If any of the above electrical components are not functioning correctly (battery, electrical contacts in ignition switch, brake pedal switch, shift lock relay, shifter Park position microswitch, shift lock solenoid, wiring), then the release button on the shifter will still not be able to be depressed with the ignition in position II and the brake pedal depressed.
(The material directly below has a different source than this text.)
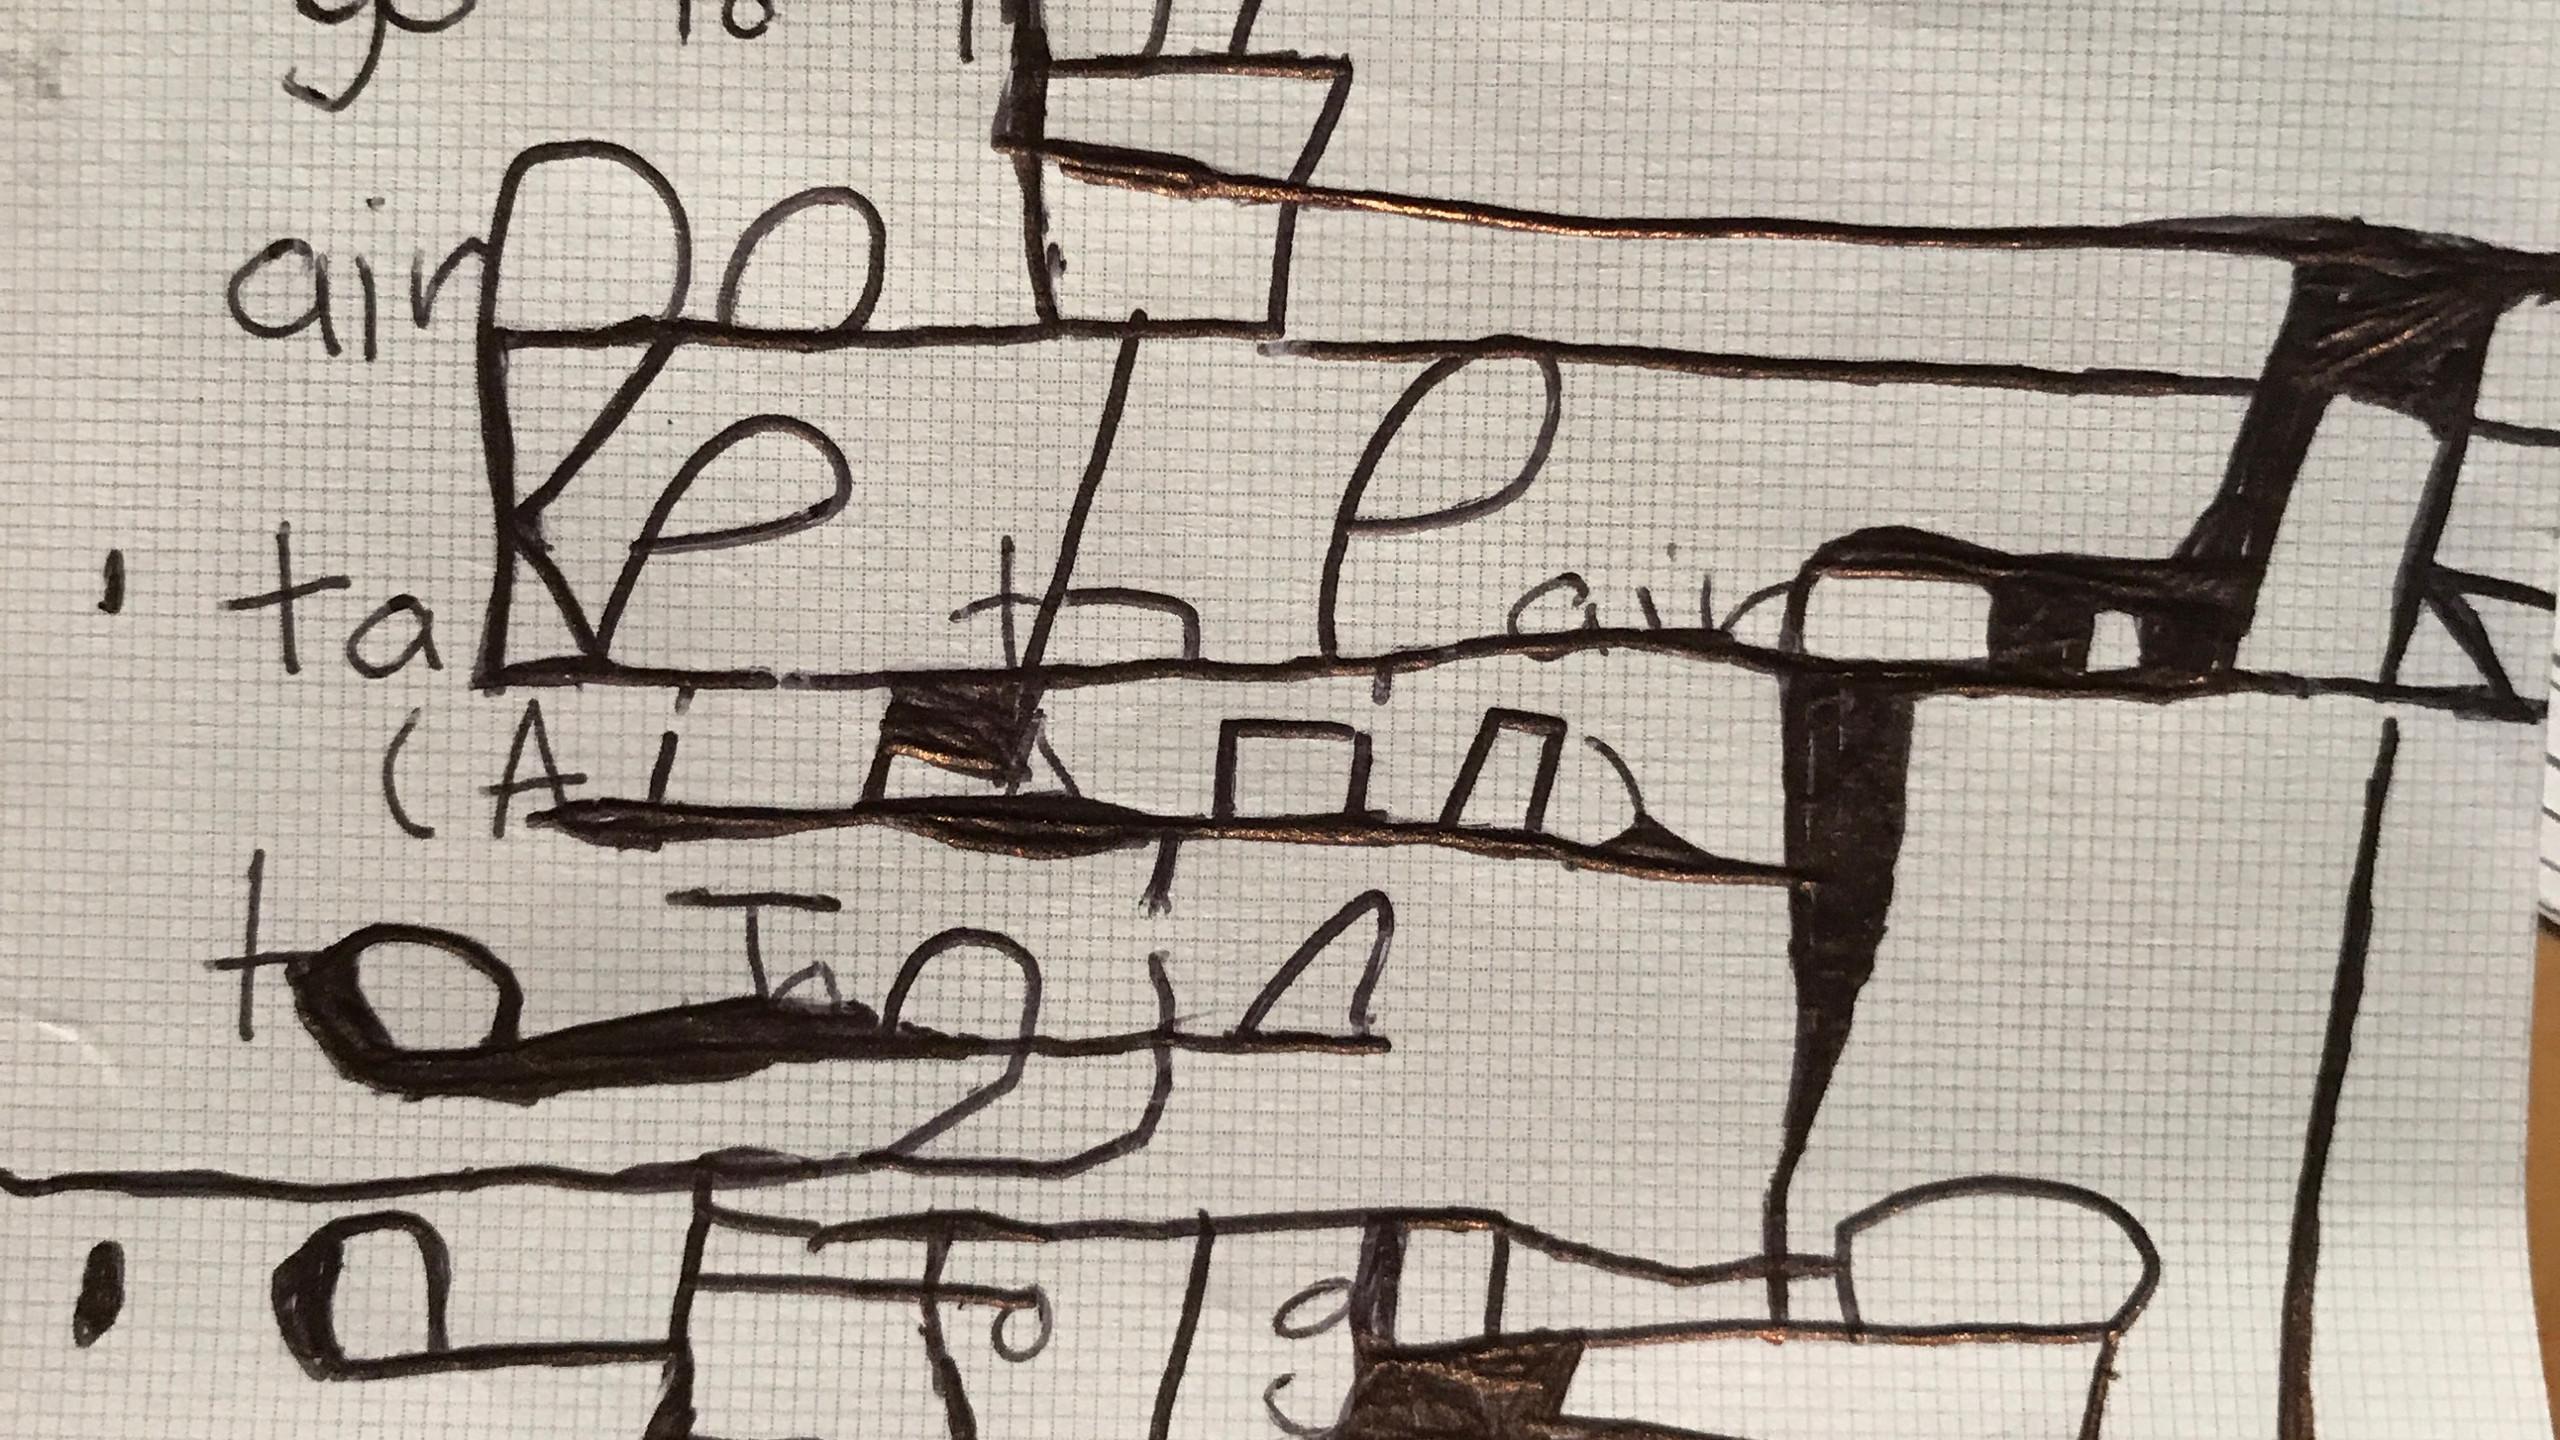 Sebastien's handwriting

In this situation, it is still possible to depress the release button on the shifter knob by meeting these conditions:
- ensuring that the ignition switch is in position II to release the otherwise mechanically restricted shift lock solenoid plunger
- pressing on the mechanical shift lock override button (5) to release a locking pin (3) on the shift lock solenoid

This allows the shift lock solenoid plunger to be effectively pushed back by the action of depressing the release button on the shifter knob, allowing movement out of the Park position.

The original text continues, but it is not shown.